5 Elements of Andrew Zarzosa's Aguachile

By Kendyl Kearly | Will Blunt


Kendyl Kearly
Will Blunt
Chef Andrew Zarzosa of The Betsy Hotel
Chef Andrew Zarzosa of The Betsy Hotel

Raw fish with clean flavors was definitely a theme during the making of this Miami issue, but the aguachile (full recipe here) at The Betsy Hotel stood out for its balance and the texture of the cured local grouper. “Ceviche is so popular in Miami and sushi too, so I wanted to introduce them to something different for raw fish,” Executive Chef Andrew Zarzosa says. The local ingredients made a stunning presentation—and color palette.    


Zarzosa softens the texture of the meaty black grouper, caught right off the Florida coast, by curing it in kombu, sake, and rice bran oil.

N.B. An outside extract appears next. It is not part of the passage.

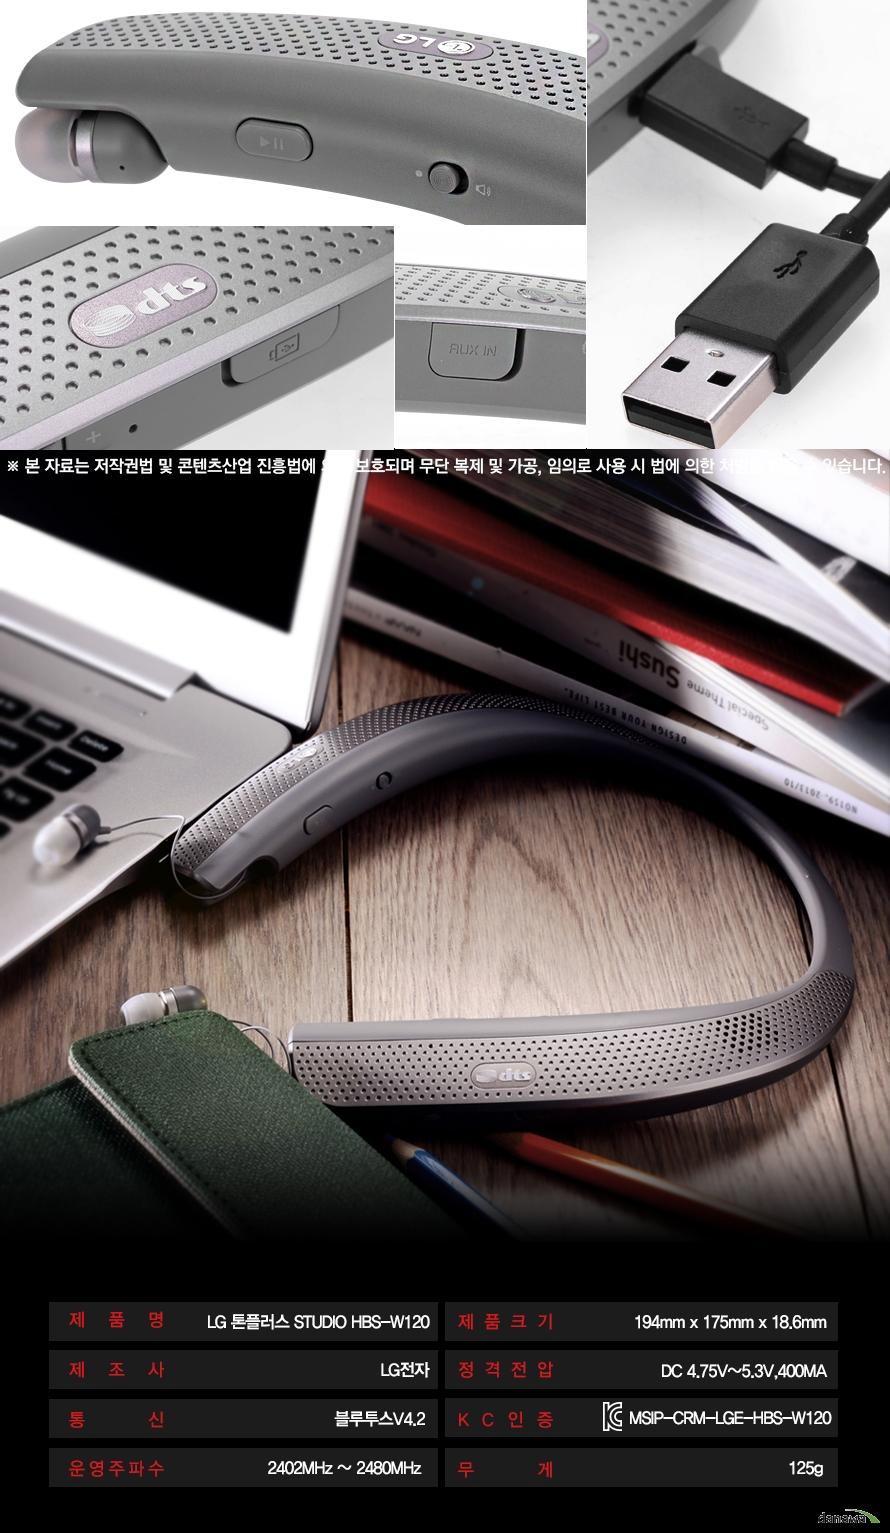 본 자료는 저작권법 및 콘텐츠산업 진흥법에 의해 보호되며 무단 복제 및 가공, 임의로 사용 시 법에 의한 처벌을 받을 수 있습니다.제품명 LG톤플러스 STUDIO HBS-W120제조사 LG전자통신 블루투스V4.2운영주파수 2402MHZ ~ 2480MHZ제품크기 가로 194MM 세로 175MM 두깨 18.6MM정격전압 DC 4.75V~ 5.3V, 400MAKC인증 MSIP-CRM-LGE-HBS-W120무게 125g

The crunchy Japanese cucumbers are compressed in a vacuum seal with the same sake used to cure the grouper. Zarzosa likes Onda 48; the Junmai Daiginjo is known for its sweet earthiness.

Pickled Onions

Red onions and arbol chiles are steeped overnight in apple cider vinegar to add acidity. 

Tomato Water

Clear and speckled with red, the lime-infused tomato water is poured tableside and brings all the components together. 


“All the vegetables and produce come from Harpke Family Farm and Swank Farm,” Zarzosa says. “I was excited to get micro produce from our farms like the huacatay.” With notes resembling tarragon and carrot tops, the huacatay catches dewdrops of finger lime.